Activation Functions:

  • ReLU: \(\max(0, z)\) — efficient, sparse, avoids vanishing gradients
  • Sigmoid: \((0, 1)\) output for probabilities
  • Softmax: probability distribution over \(K\) classes

Network Architecture:

  • Weight matrices \(W^{[l]}\) transform between layers
  • Hidden layers enable hierarchical feature learning
  • Deep networks compose multiple transformations

Training:

  • Forward propagation: sequential matrix operations through layers
  • Loss functions: MSE for regression, cross-entropy for classification
  • Backpropagation: chain rule computes gradients via matrix transposes

Convolutional Networks:

  • Kernels slide across spatial dimensions with weight sharing
  • Stride and padding control output dimensions
  • Pooling provides downsampling and translation invariance

Normalization and Tensors:

  • Batch normalization: normalize across batch dimension
  • Layer normalization: normalize across feature dimension
  • Tensors: multi-dimensional arrays with reshape, transpose, broadcast operations
Self-Check: Why does backpropagation use the transpose of the weight matrix when propagating gradients?

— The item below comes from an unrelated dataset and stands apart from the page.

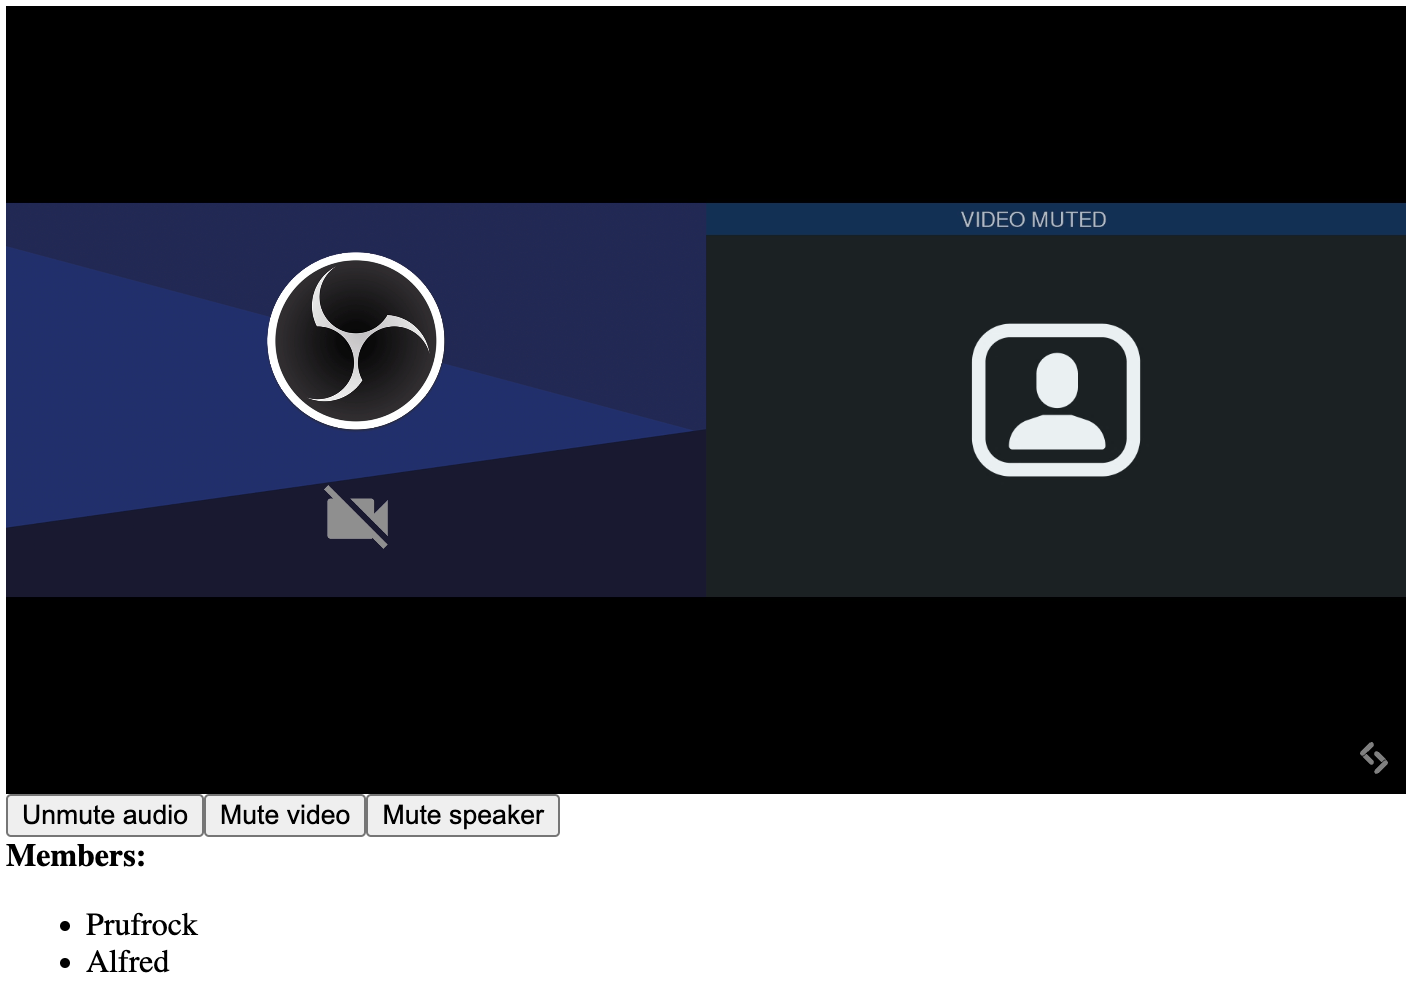 A screenshot of the Video Conference element. There are two participants in the conference. Beneath the video, buttons allow the user to control audio, video, and speaker. There is also a list of conference members.

When propagating gradients backward from layer \(l+1\) to layer \(l\), we need to compute how changes in \(\mathbf{a}^{[l]}\) affect the loss. During forward propagation, we computed \(\mathbf{z}^{[l+1]} = W^{[l+1]}\mathbf{a}^{[l]}\). The Jacobian \(\frac{\partial \mathbf{z}^{[l+1]}}{\partial \mathbf{a}^{[l]}} = W^{[l+1]}\). By the chain rule, the gradient with respect to \(\mathbf{a}^{[l]}\) is \((W^{[l+1]})^T \delta^{[l+1]}\), where the transpose distributes the error from each output neuron back to the input neurons that contributed to it.